Required work:
The whole listing below, with no pictures, is to be repeated as it stands.
[[ Raw data, beginning ]]
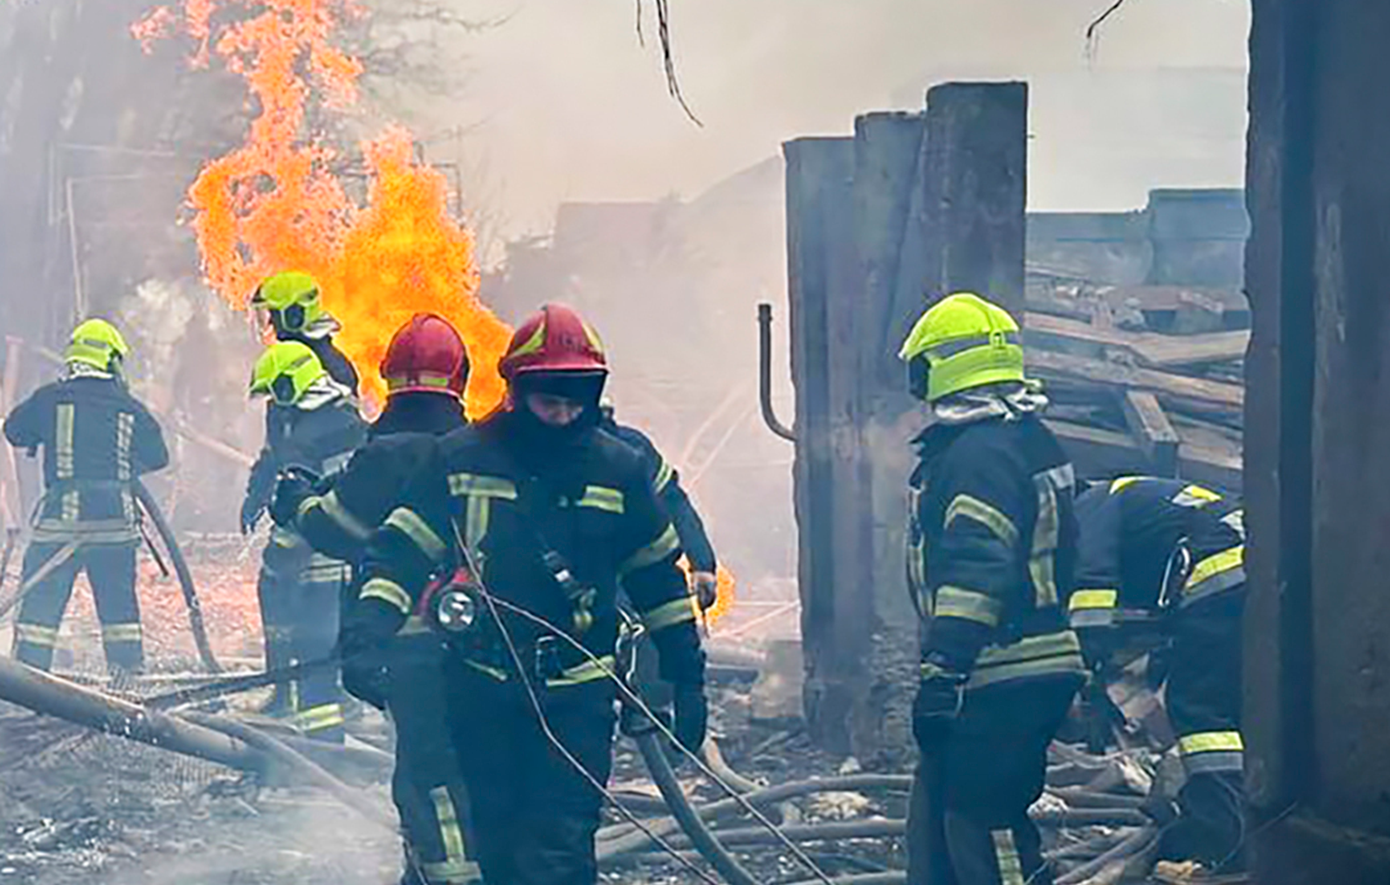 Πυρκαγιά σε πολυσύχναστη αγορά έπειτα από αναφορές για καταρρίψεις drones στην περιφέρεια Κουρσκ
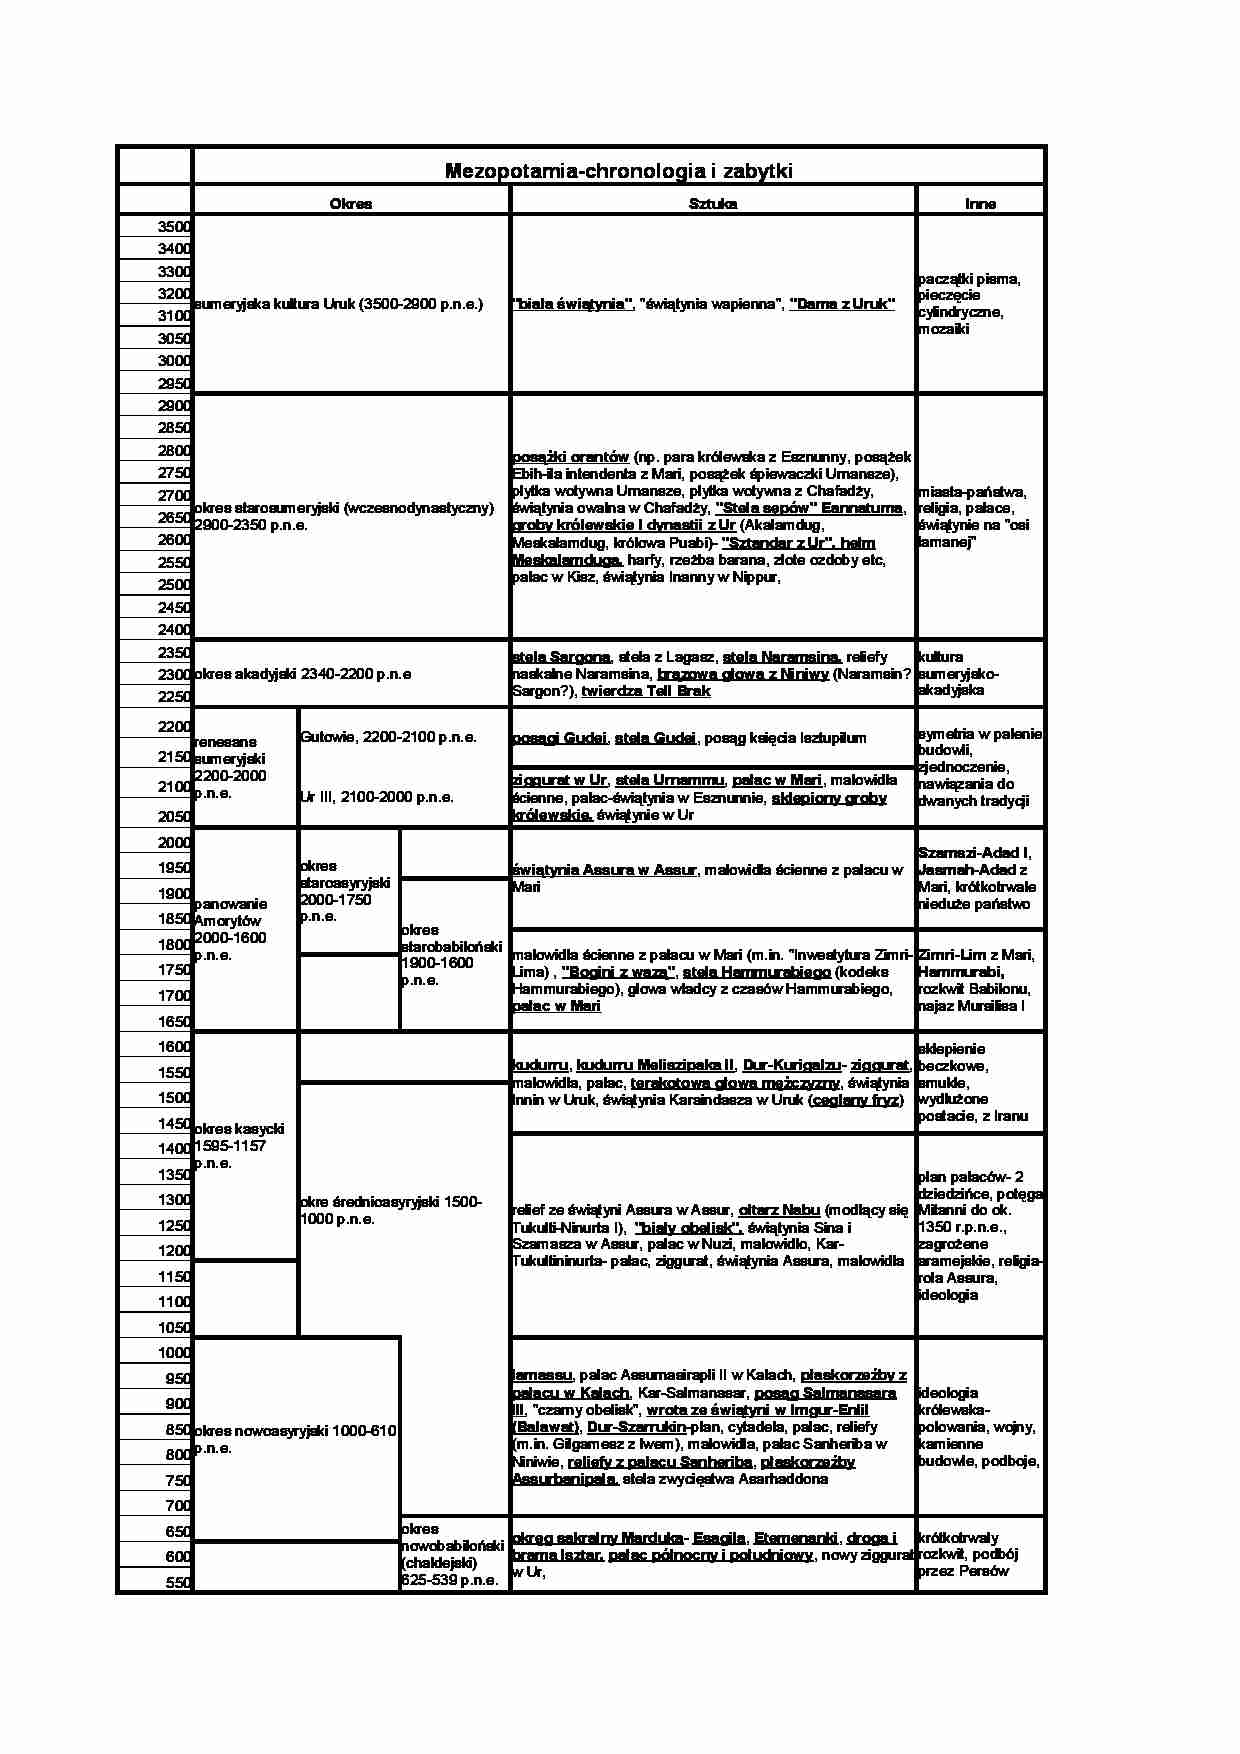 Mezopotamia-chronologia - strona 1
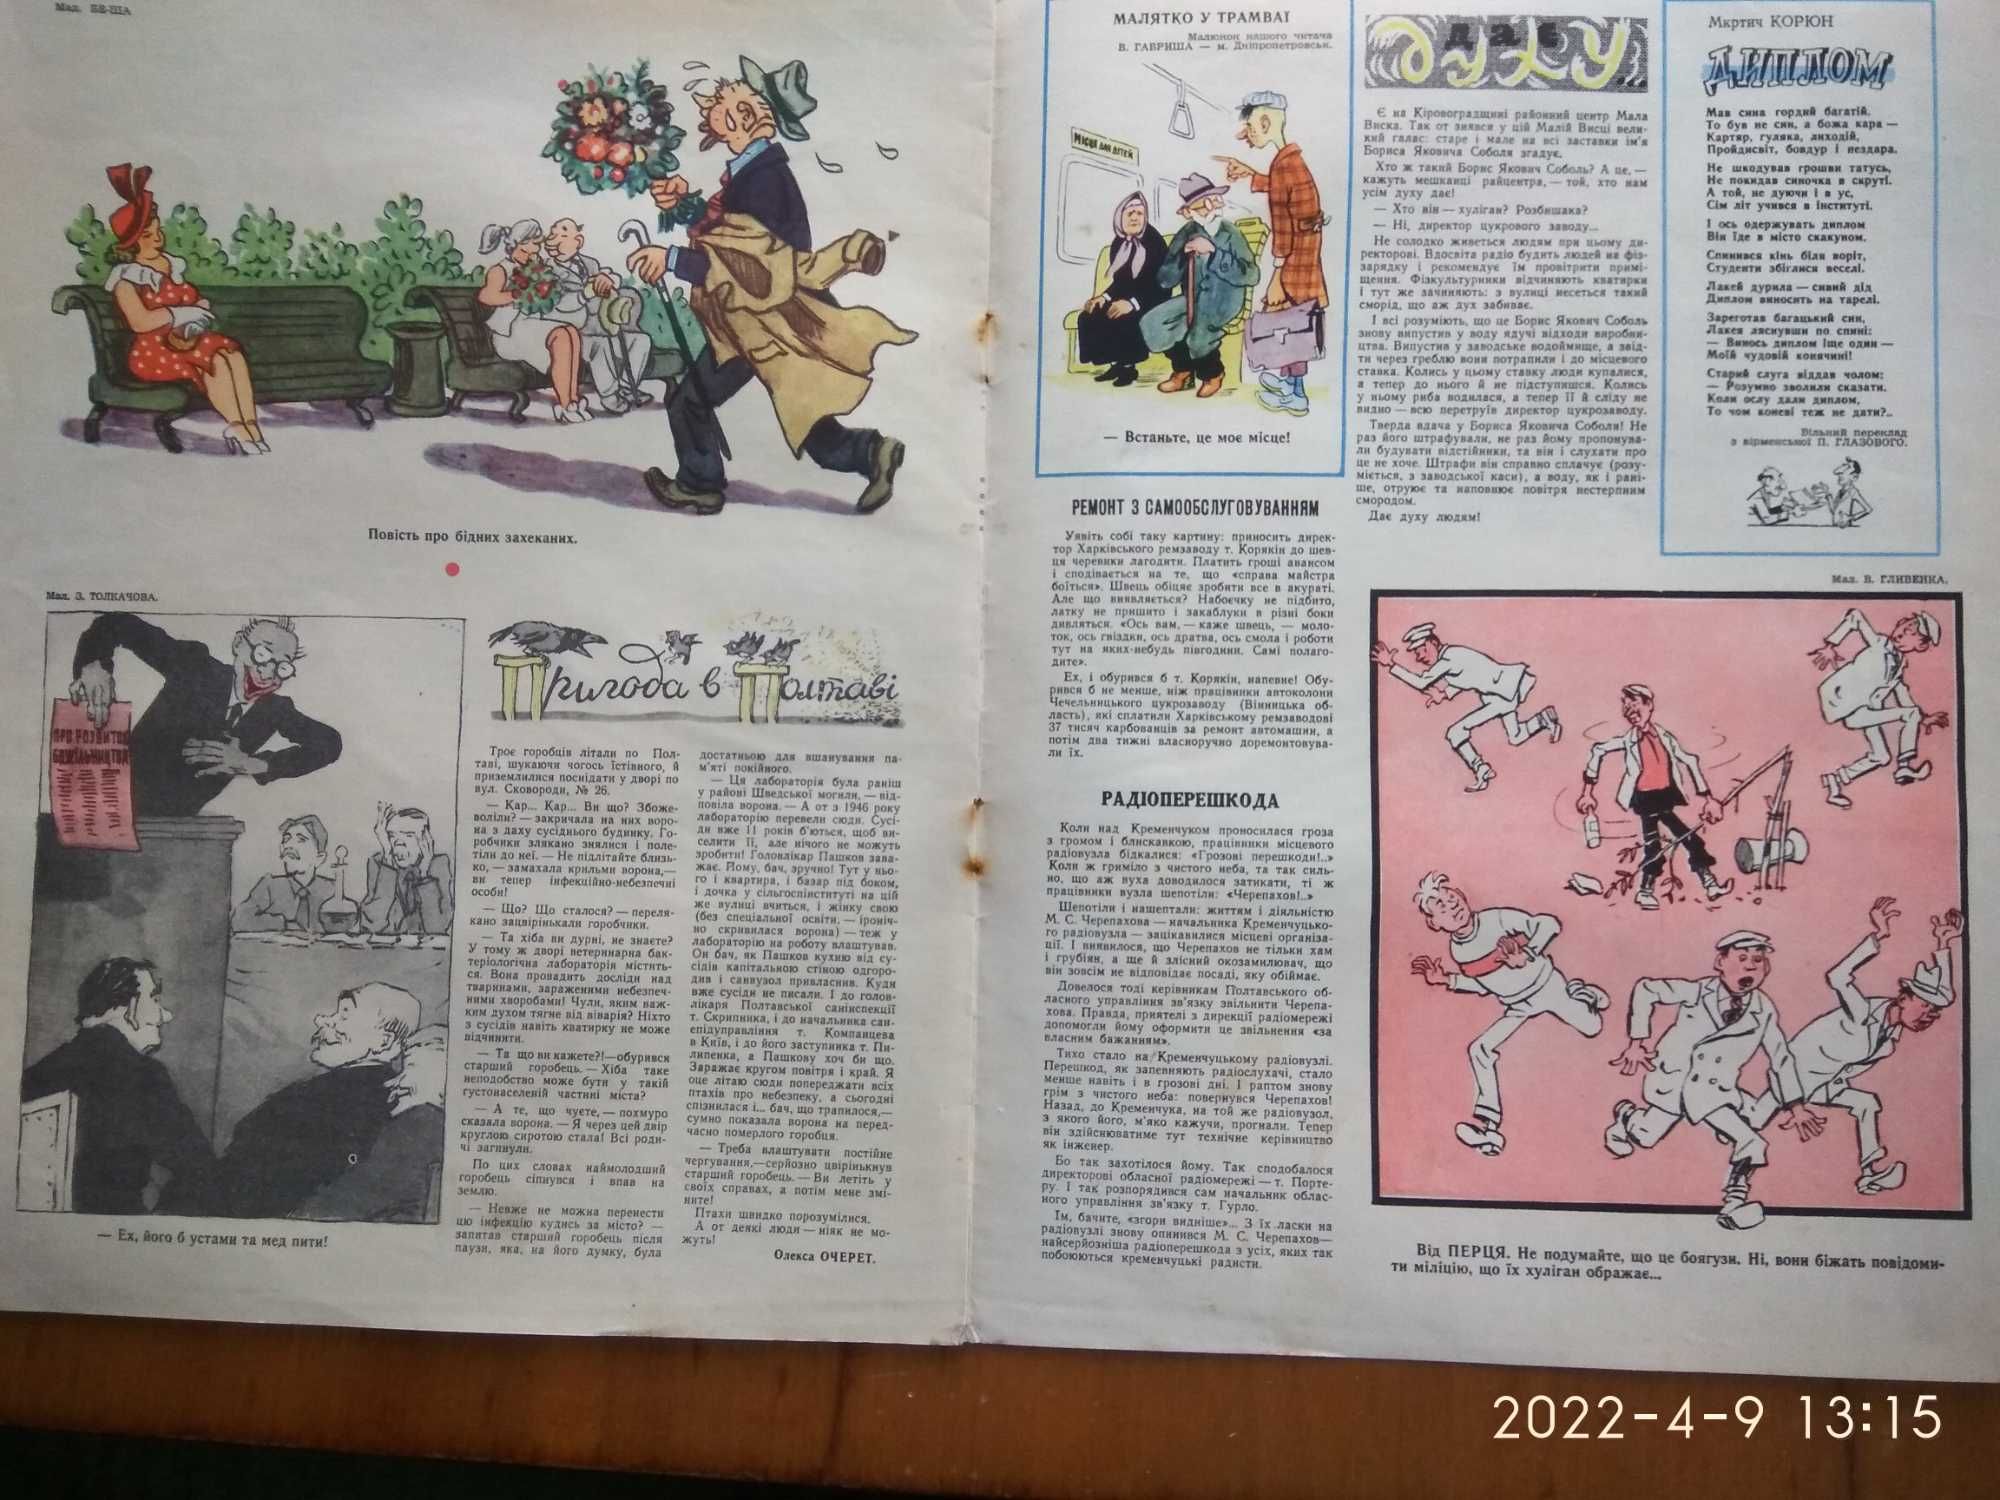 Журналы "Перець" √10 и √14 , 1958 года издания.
[[ Raw data, end ]]
Exercise result:
 Πυρκαγιά σε πολυσύχναστη αγορά έπειτα από αναφορές για καταρρίψεις drones στην περιφέρεια Κουρσκ
 Mezopotamia-chronologia - strona 1
 Журналы "Перець" √10 и √14 , 1958 года издания.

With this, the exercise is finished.